The aim of regulators is to prevent the new company from possessing the kind of market control that would allow it to reduce consumer choices, decrease production and raise prices. Although the combined Kraft-Heinz entity will dominate many brand areas, Sabino says 1999’s Exxon-Mobil deal is the model regulators are likely to apply. At the time of the merger, hundreds of suburban intersections across the country featured an Exxon station on one corner and a Mobil operation across the street. “Regulators still allowed the merger,” Sabino says, pointing out that the Department of Justice asked Exxon Mobil to sell stations that were too close to one another. Sabino cautions that regulators are not concerned with a company’s eventual size. “Remember: The point of American antitrust law is to protect competition -- not to protect individual competitors” Sabino says.

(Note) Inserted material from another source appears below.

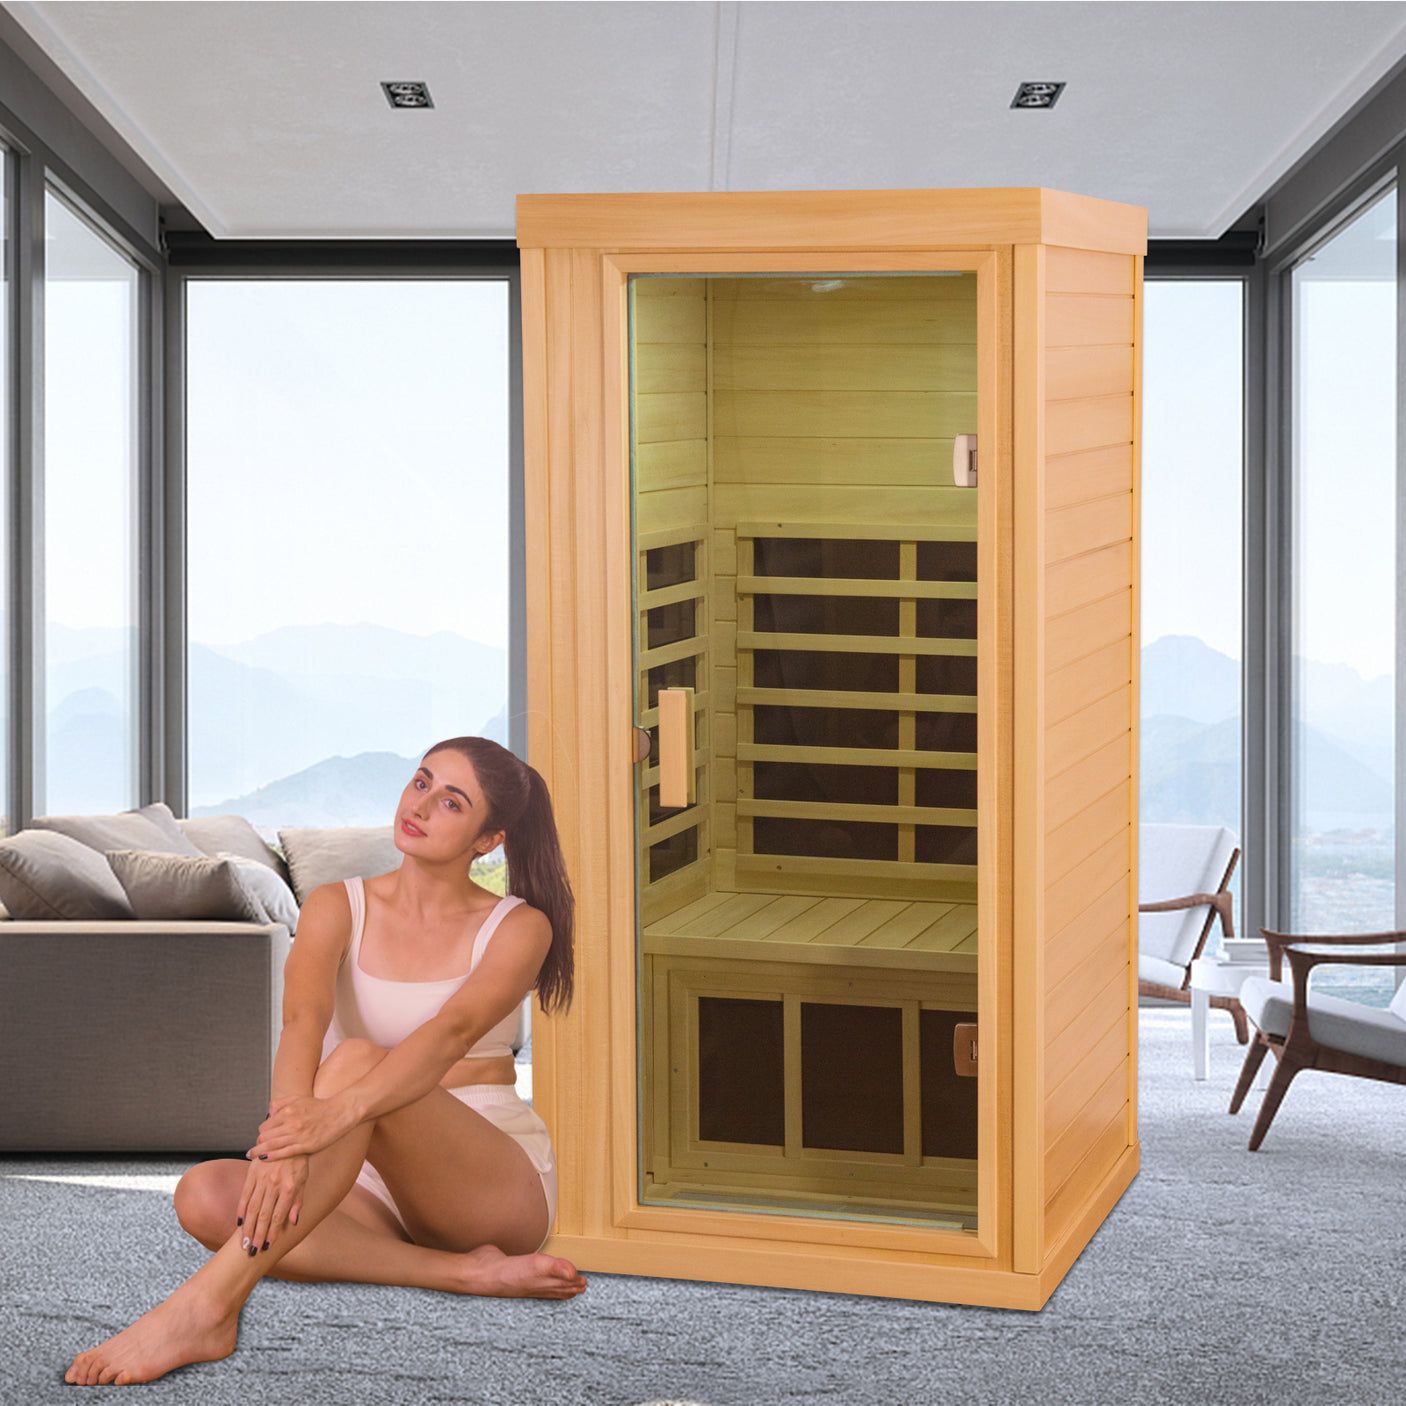 Sauna for one person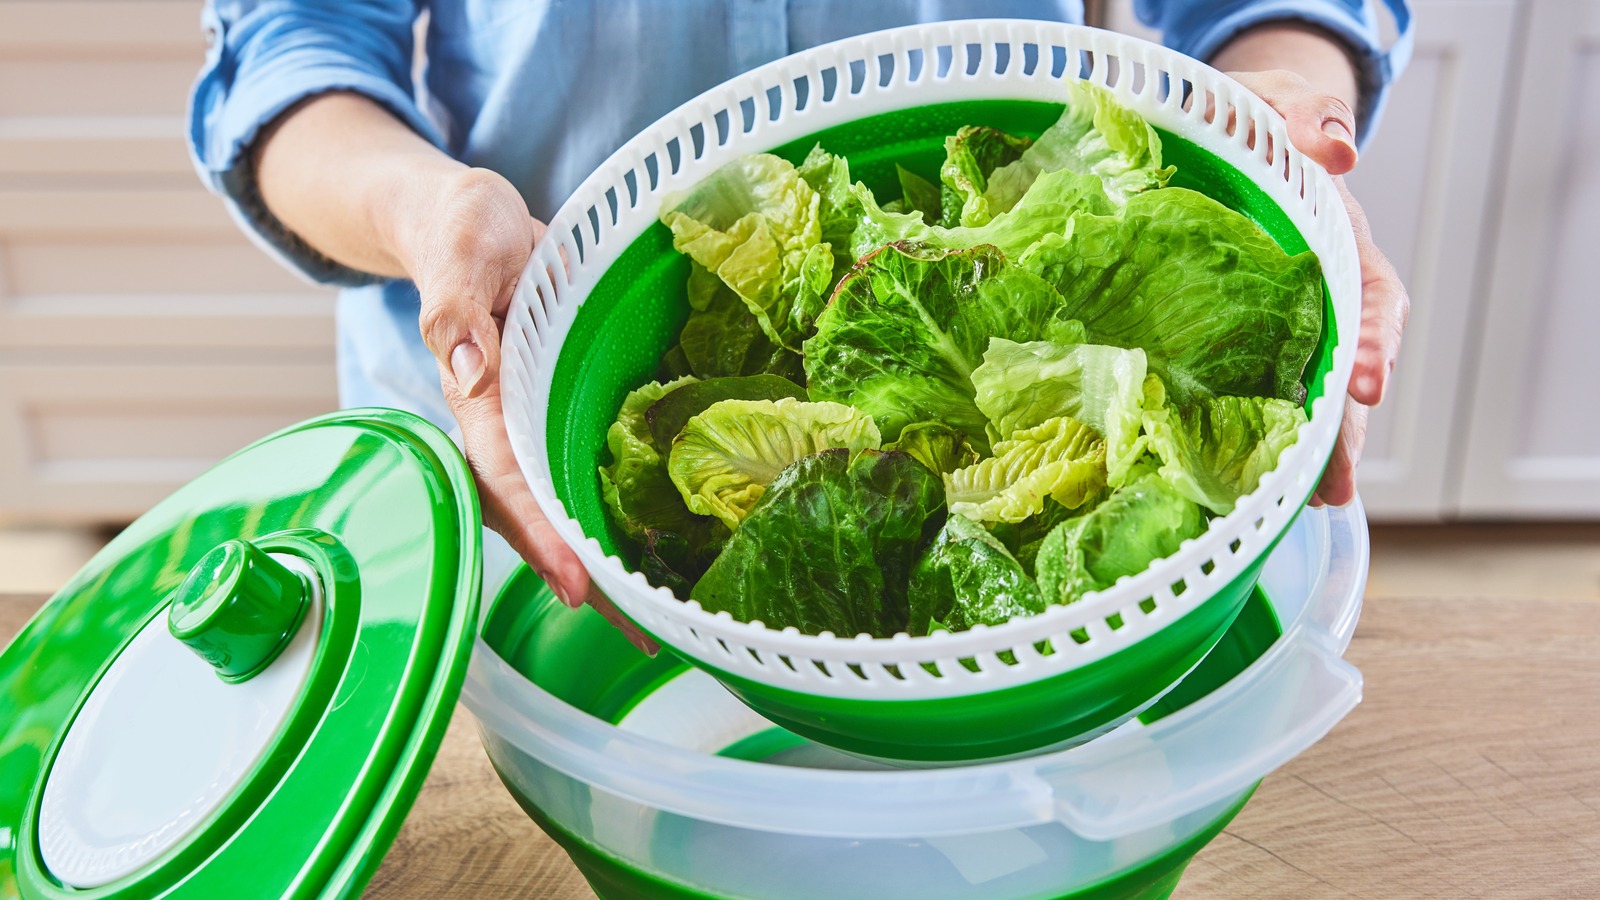 https://www.thedailymeal.com/img/gallery/the-quick-and-painless-way-to-clean-a-salad-spinner/l-intro-1692808936.jpg

Billionaire investor Warren Buffett’s Berkshire Hathaway and Brazilian private equity firm 3G Capital, which own H.J. Heinz Company, will invest an additional $10 billion in the combined company. Under the terms of the deal, Heinz shareholders will own a 51 percent stake in the combined company, while Kraft shareholders will hold a 49 percent stake and receive a special cash dividend of $16.50 per share.

Bernardo Hees, CEO of Heinz, will become CEO of The Kraft Heinz Company, and Alex Behring, Heinz chairman and managing partner at 3G Capital, will be chairman. John Cahill, Kraft CEO and chairman, will become vice chairman.

The deal is expected to close in the second half of 2015.

Shares of Kraft Foods Group Inc. soared to $82.77 in afternoon trading. Heinz was sold in 2013 to Buffett's Berkshire Hathaway and the Brazilian investment firm 3G Capital for $23.3 billion.